As our story in this issue's Business of Government section (page 44) makes clear, local governments around the country are finally beginning to move on election reform. They are making investments in touch screens, optical-scanning devices and other new technology aimed at preventing a repeat of the 2000 presidential vote count debacle in Florida.
But as we all know, there is more to election reform than voting machines. And when it comes to the question of just how we change the rules to make the system more efficient and fairer, the progress toward consensus is proving agonizingly slow.
More than 1,500 bills dealing with the whole issue of election procedure were introduced this year in the legislatures of the 50 states, but few major ones made any serious progress toward enactment. Meanwhile, a blue-ribbon commission, chaired by former presidents Gerald Ford and Jimmy Carter, has called for uniform statewide voter registration lists, provisional voting (which would allow contested ballots to be put aside pending assessment of their validity), and making Election Day a national holiday. Perhaps a dozen other academic and think-tank studies have plowed every square inch of the 2000 election field.
While the reports and studies show substantial agreement on the nature of the problems and on possible solutions, they disagree on two basic questions: Who gets to call the shots, and who pays the bills? Opposing camps continue to wrangle over whether the federal government should mandate a process and have the states follow it--or just provide general guidance and allow the states to craft their own approaches. There are equally deep divisions on whether the feds should use cash as an incentive for state-level reforms, or whether the states should be asked to come up with the money themselves.
The conduct of elections has always been one of the most difficult issues in the federal-state relationship. The U.S. Constitution gave state governments responsibility for prescribing the "times, place, and manner" for holding elections, even when the offices on the ballot are federal offices. On the other hand, the Constitution gave Congress authority to regulate the process. That authority has been used to provide the support for federal voting rights laws, and courts have long upheld the mixed federal-state management of the election process.
The fuzzy sharing of responsibilities scarcely stops there. The 2000 elections surprised even careful observers by revealing just how much state governments devolve operating decisions to the local level, and just how much those local decisions differ. In Florida last year, there was enormous local variation not only in voting technology but in procedures for resolving uncertainty--from counting chads to deciding who is eligible to vote. In Wisconsin, voting registers range from formal, well-maintained computer lists to handwritten papers kept in small towns by election officials who rely on being able to identify neighbors on sight.
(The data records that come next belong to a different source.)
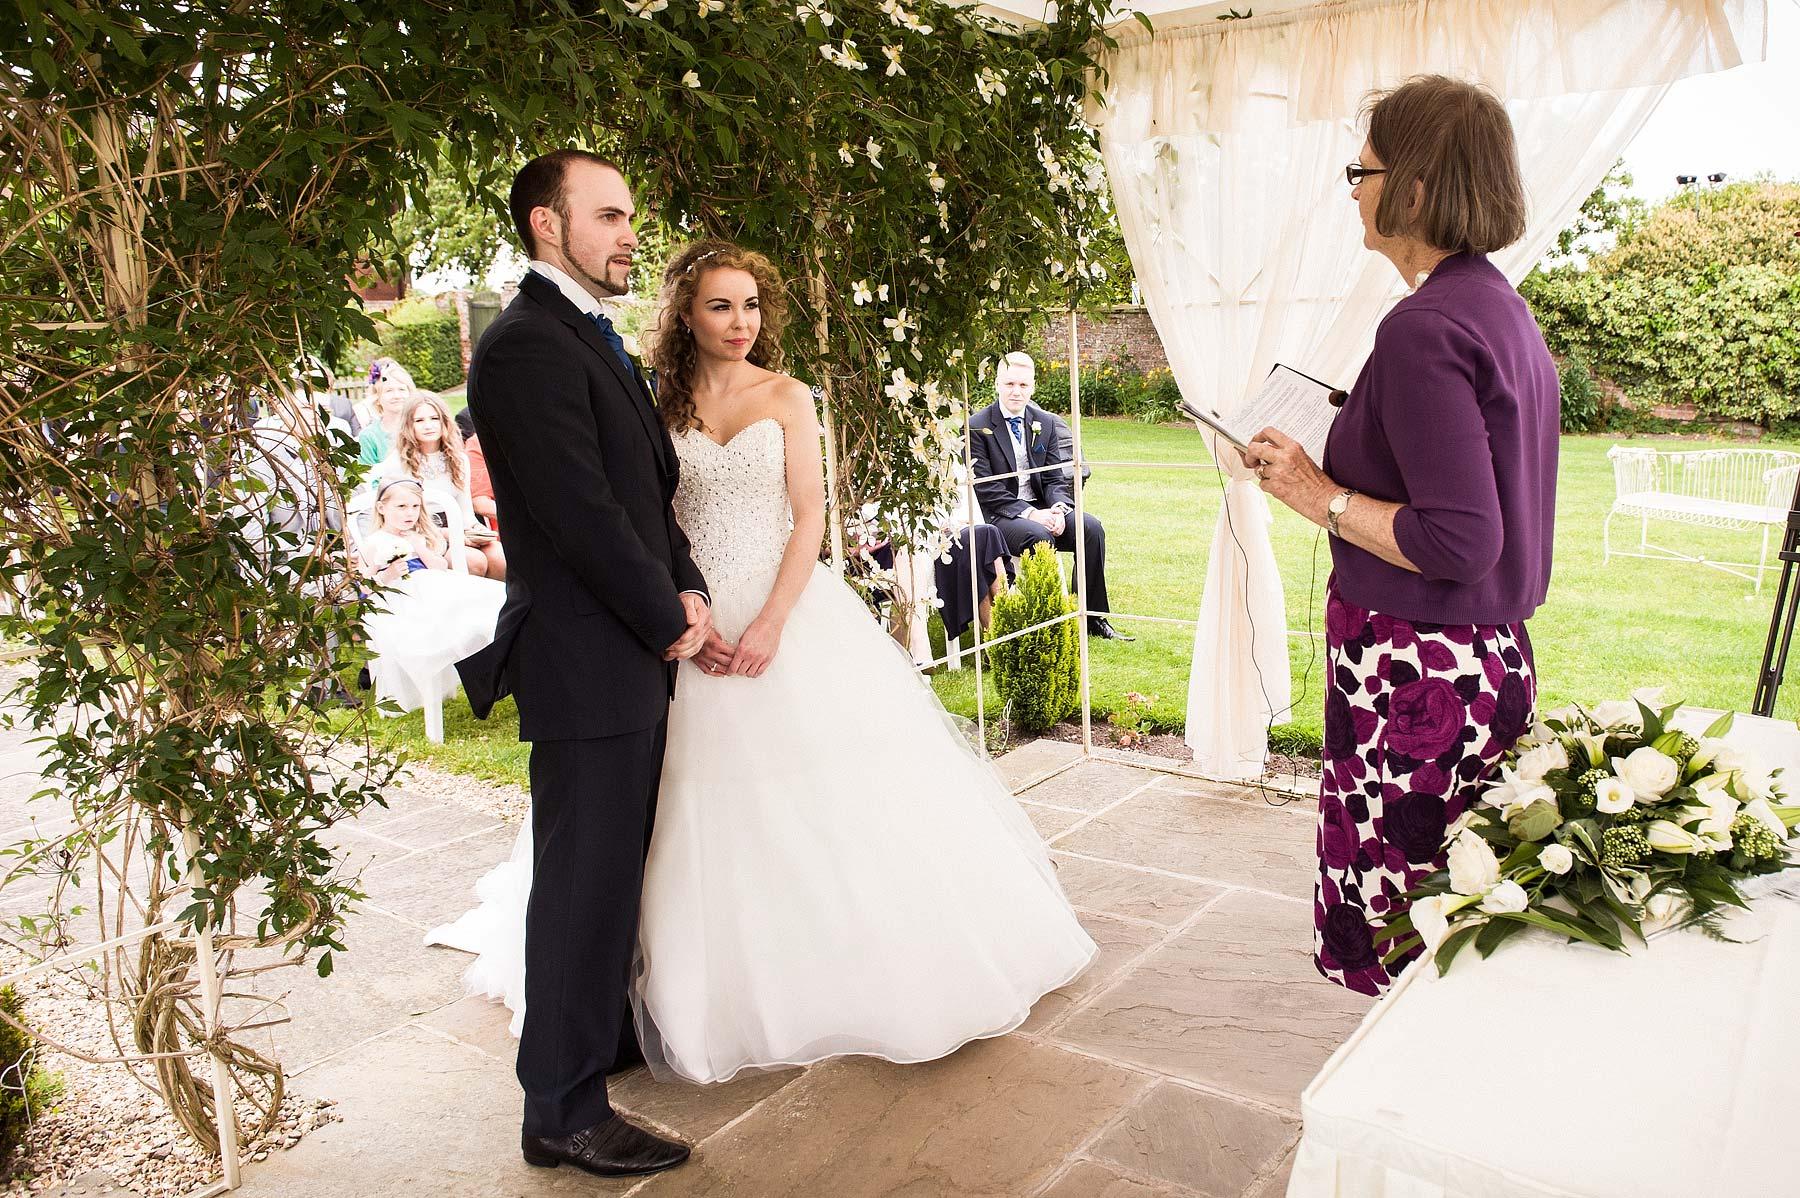 albright-hussey-manor-wedding-photographers-025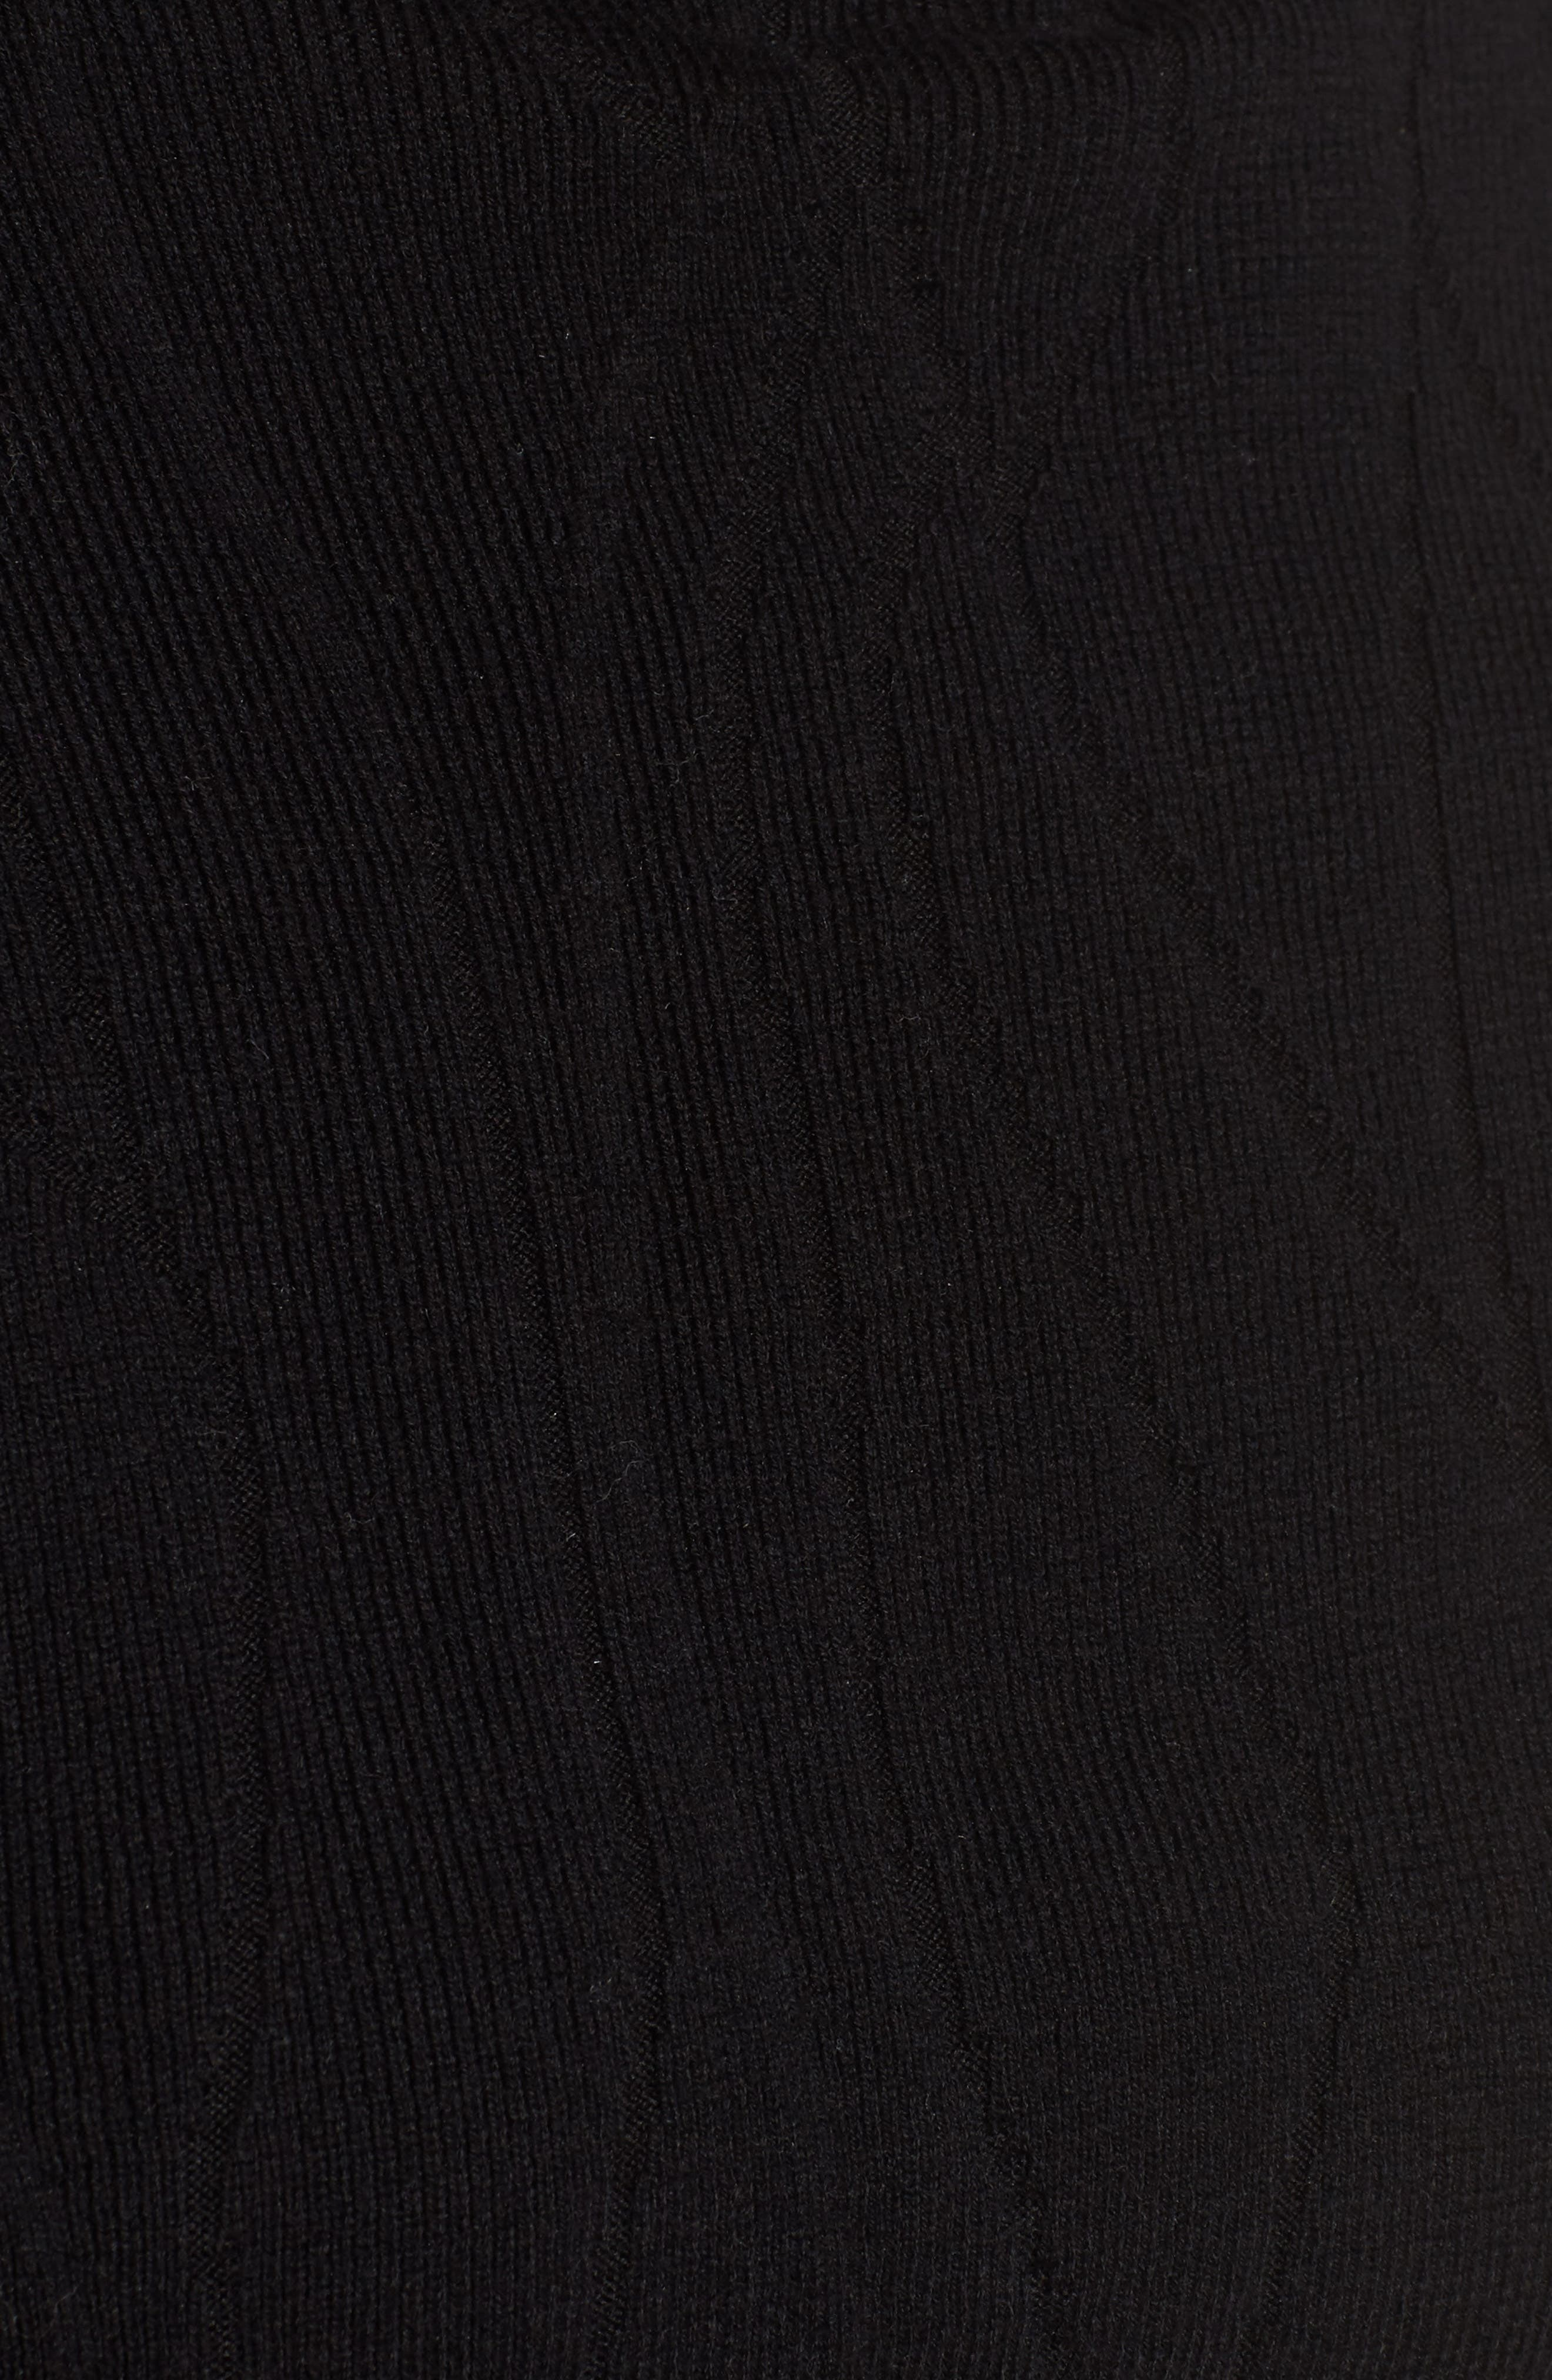 Artisanal Crackle Jacquard Sweater,                             Alternate thumbnail 5, color,                             004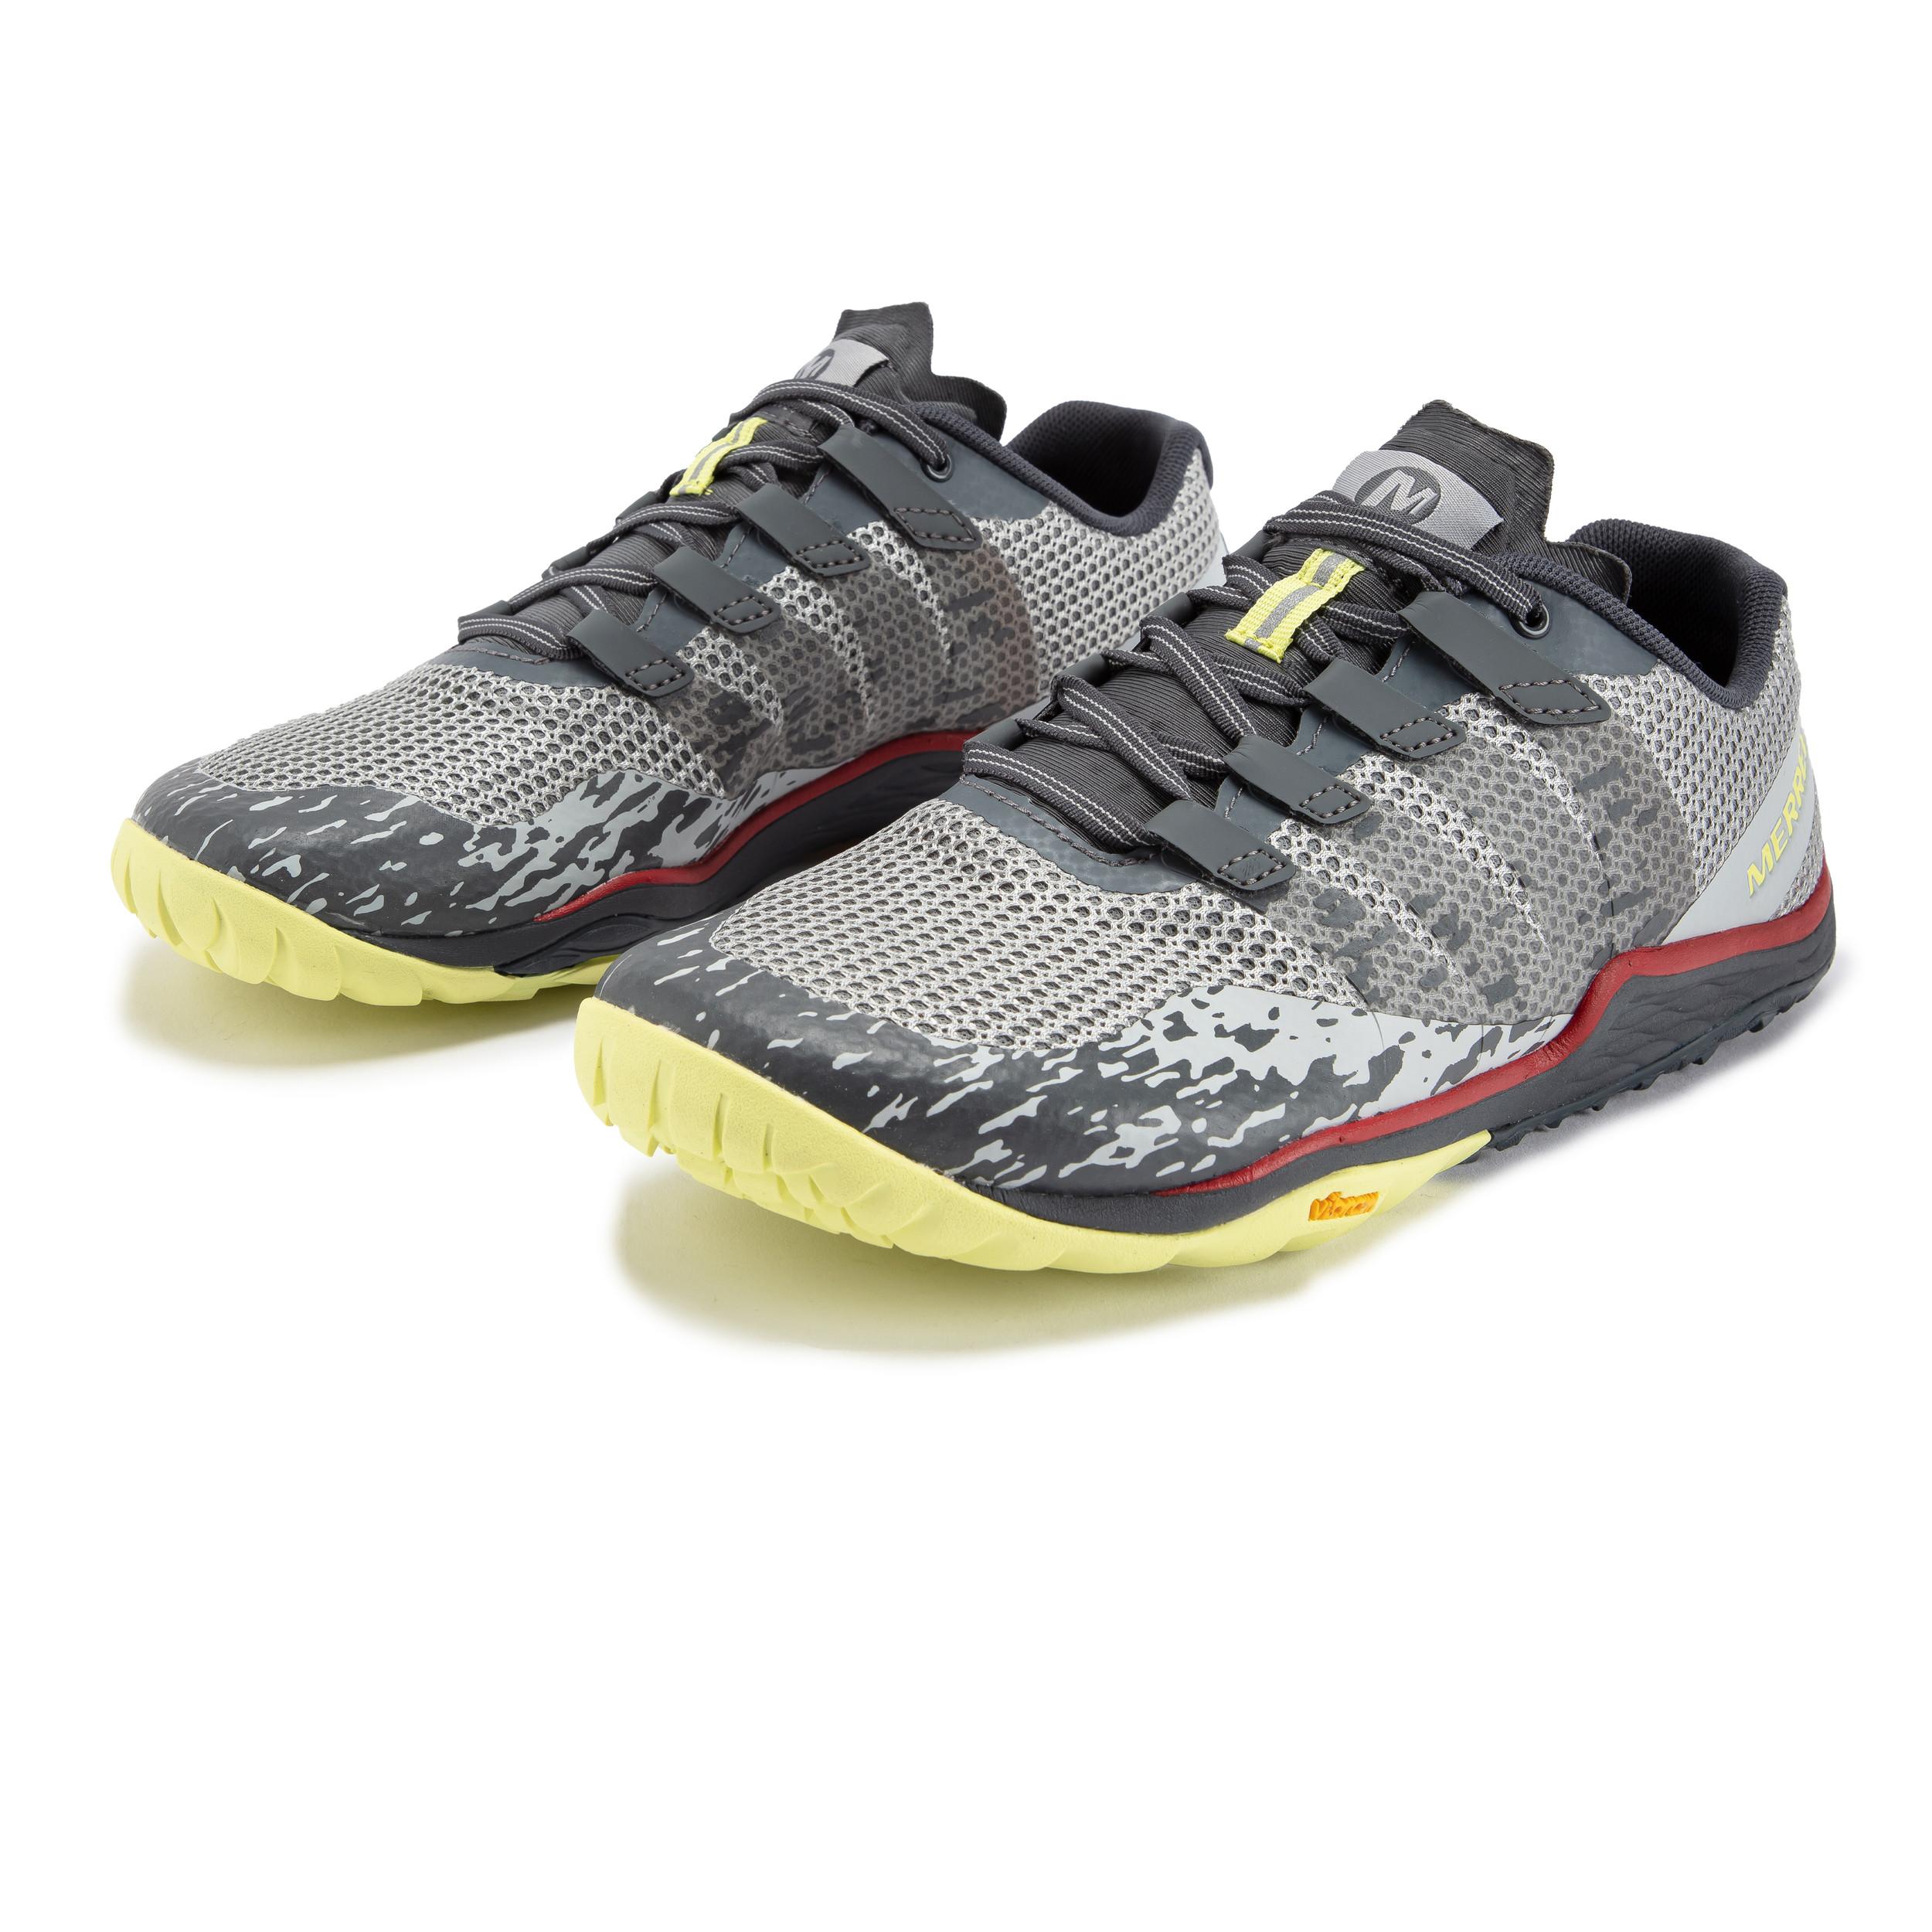 Merrell trail glove 5 zapatillas de trail running

On the crucial issues of control and financing of a modernized national election system, the two parties are in virtually complete disagreement. All 51 Democrats in the U.S. Senate, still stung by having the election slip away from Al Gore and determined to force reforms on the states, have joined to support a proposal by Christopher J. Dodd of Connecticut to require states to meet national standards for ballot access, registration lists and voting machines-- and to force the states to pay for any improvements. Dodd got unanimous committee approval, which proved easy because Republicans boycotted the meeting.
Most Republicans are far more sympathetic to the views that emerged from a study conducted under the auspices of the National Conference of State Legislatures. NCSL recommended that each state should improve the design of ballots, provide better training for poll workers, adopt uniform standards for casting and counting votes, and make polling places easier for the disabled to access. But the study also warned that any election reform ought to build "on broad principles, not upon specific mandates which would lead to a `one size fits all' approach to elections." From this state-level perspective, the federal government ought to provide block grants to help the states develop their own new systems--not funding mechanisms that seek to impose any specific requirements.
Can the federal government content itself with gentle nudges toward best practices, financial incentives for basic reforms and mandates for equal access to the polls--or will disgruntled Democrats conclude they can't trust the states to get the system fixed? Will states patch up the flaws that emerged in glaring relief during last year's protracted vote-counting battles--or will local inertia block even the changes all sides seem to want?
These are the fundamental issues of the national election reform debate now taking place. Along with issues such as Internet taxation and Medicaid regulation, they represent the cutting edge of an emerging debate about how intergovernmental politics will respond to the technological challenges of the new millennium.